Return each line exactly, beginning with the one that has "Varta Powersports 507902 AGM 12V 5Ah 120A" and finishing with the final line of the material. Drop any pictures.

**DATA SHOWN**
========
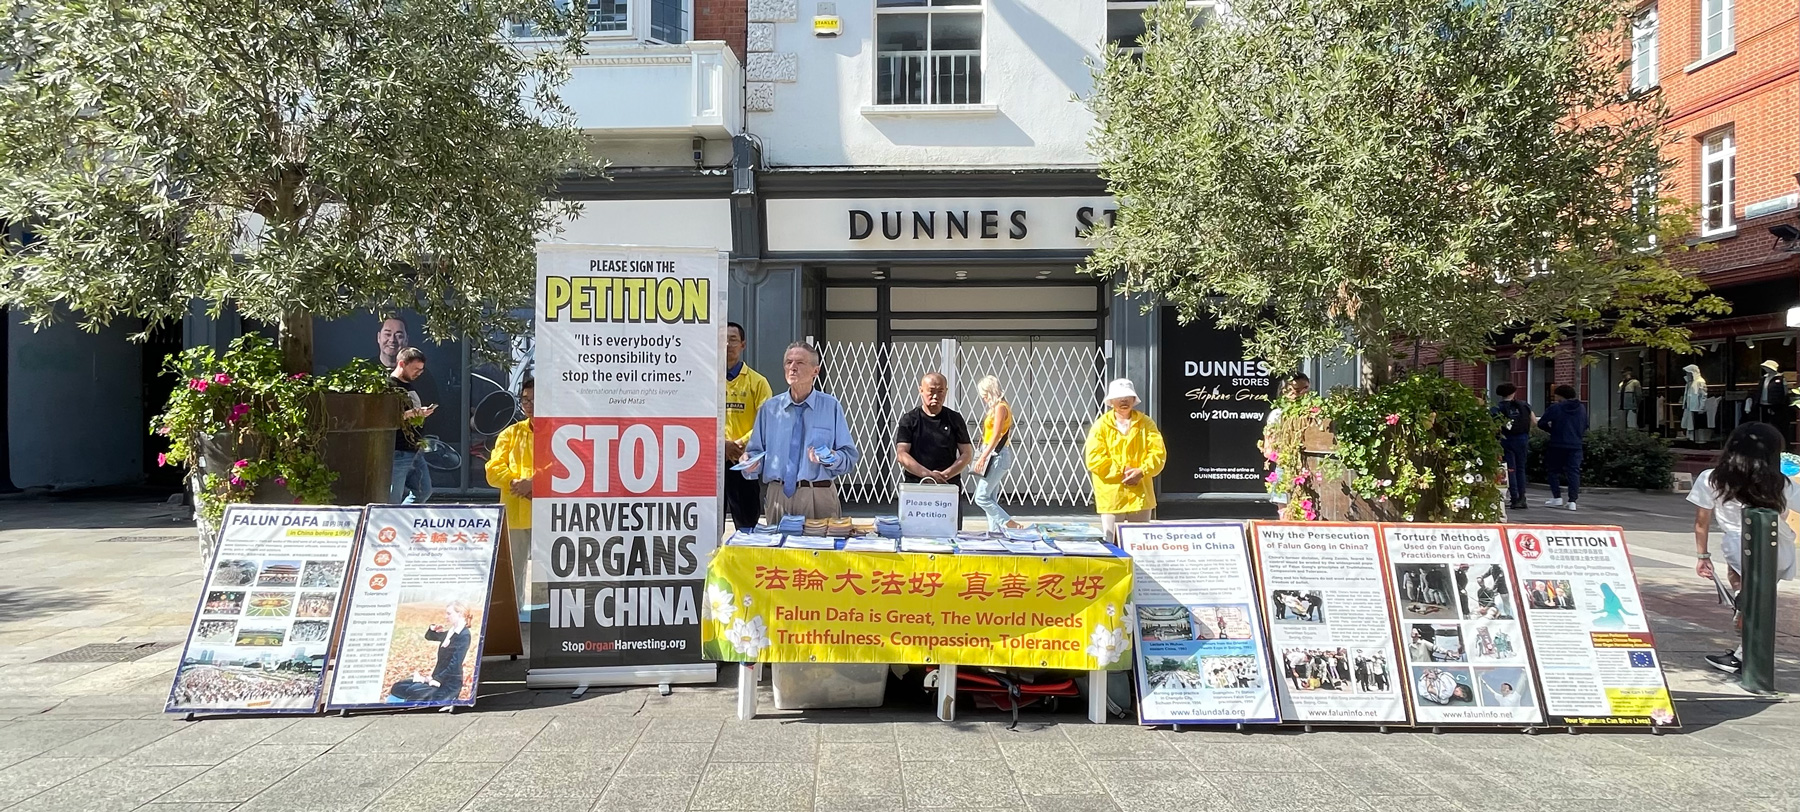 Image for article Un Chinois en Irlande intéressé par le Falun Dafa : « Continuez le bon travail ! »
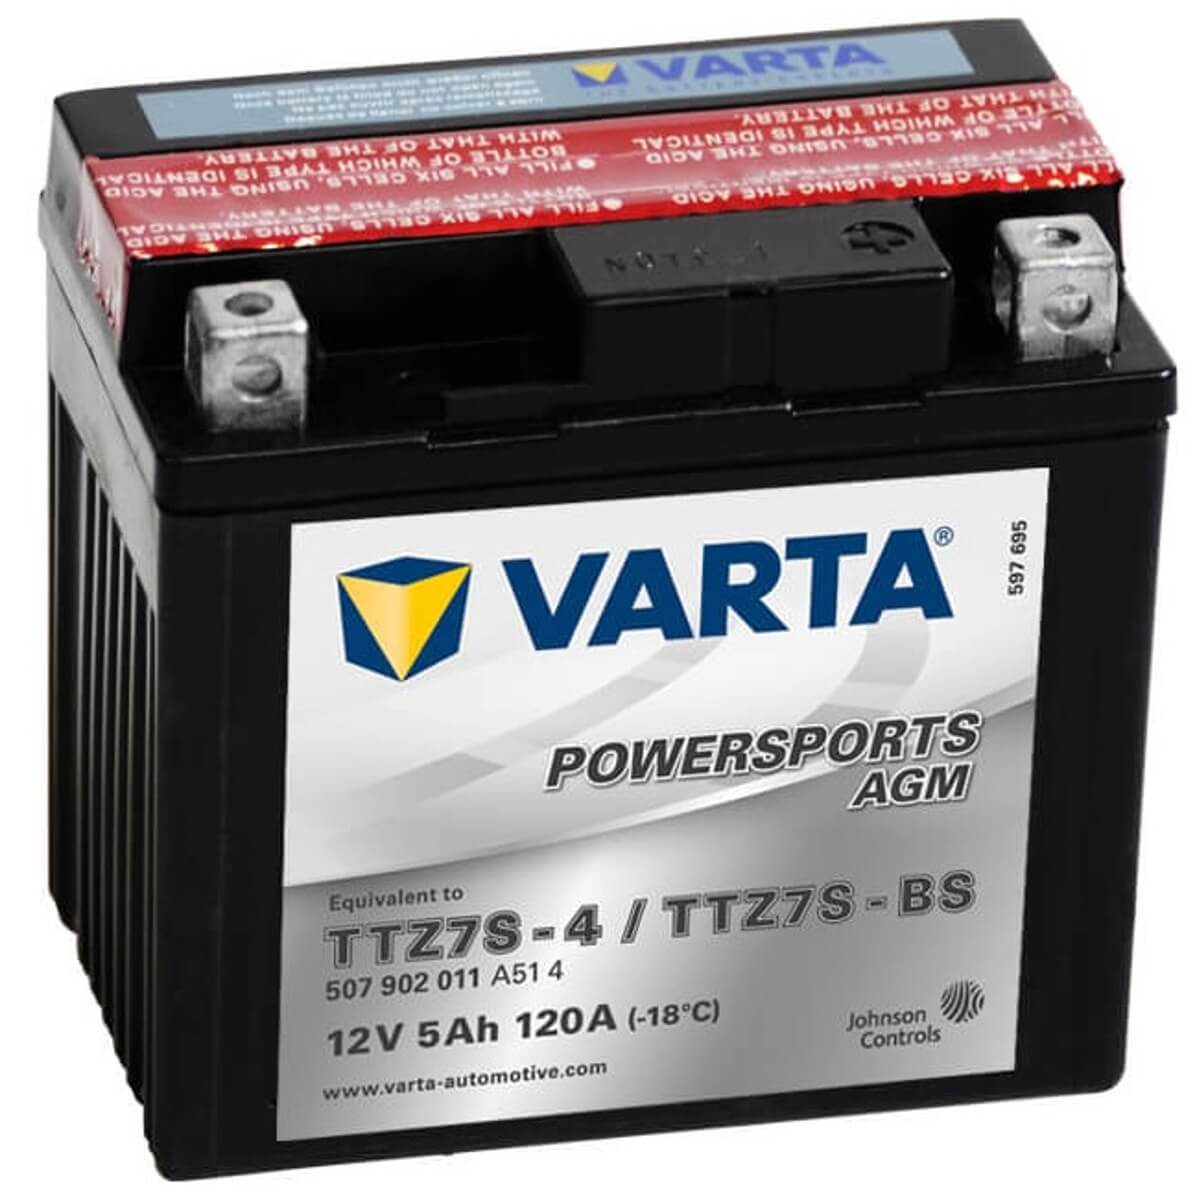 Varta Powersports 507902 AGM 12V 5Ah 120A
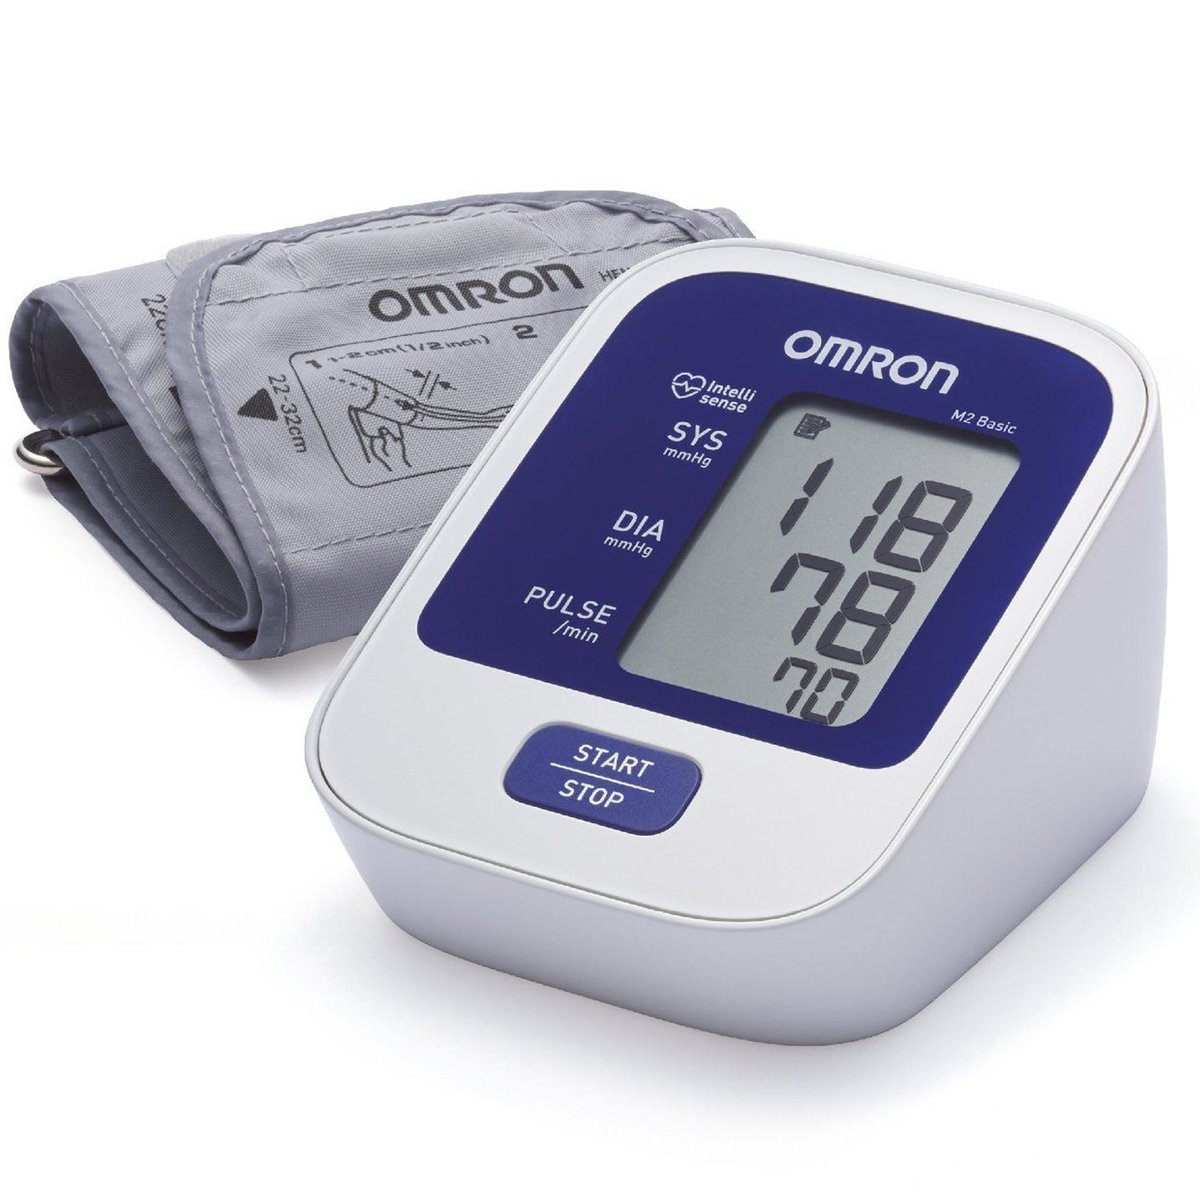 Omron Blood Pressure Monitor M2 Basic + I Health Tracker Edge
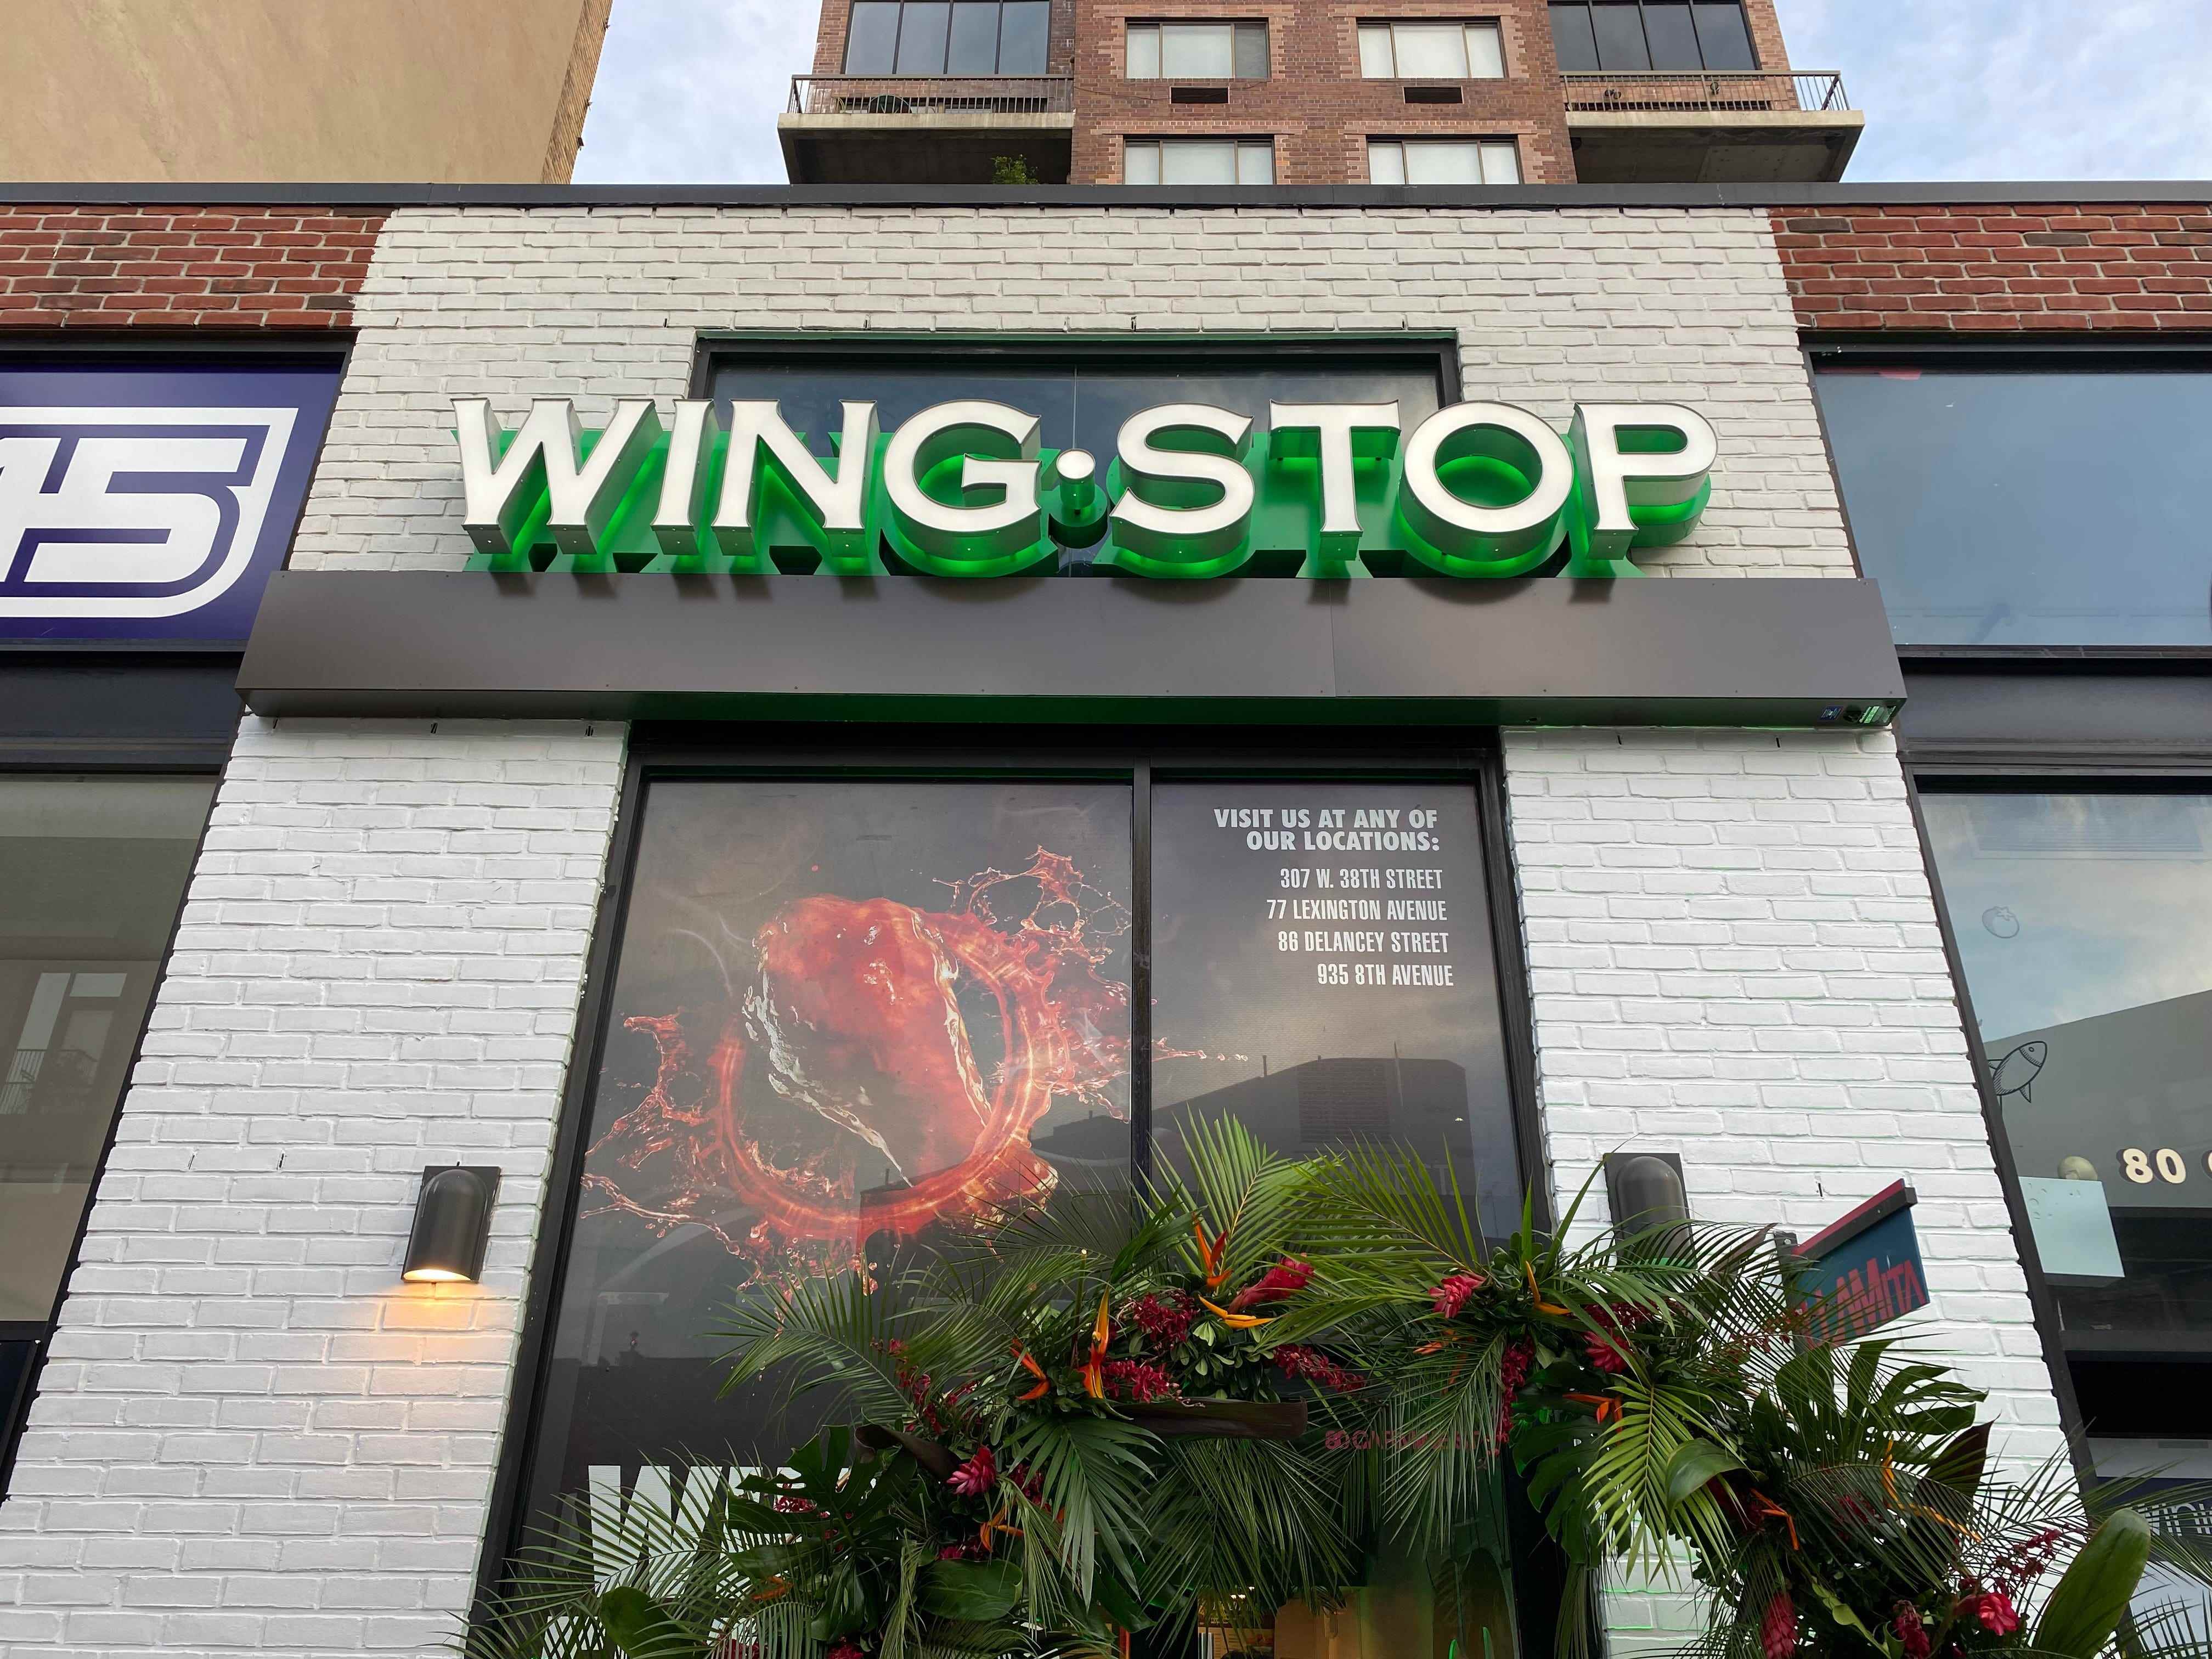 Wingstop-Schaufenster in New York City
========
**SOLVED PROBLEM**
 Varta Powersports 507902 AGM 12V 5Ah 120A
 Omron Blood Pressure Monitor M2 Basic + I Health Tracker Edge
 Wingstop-Schaufenster in New York City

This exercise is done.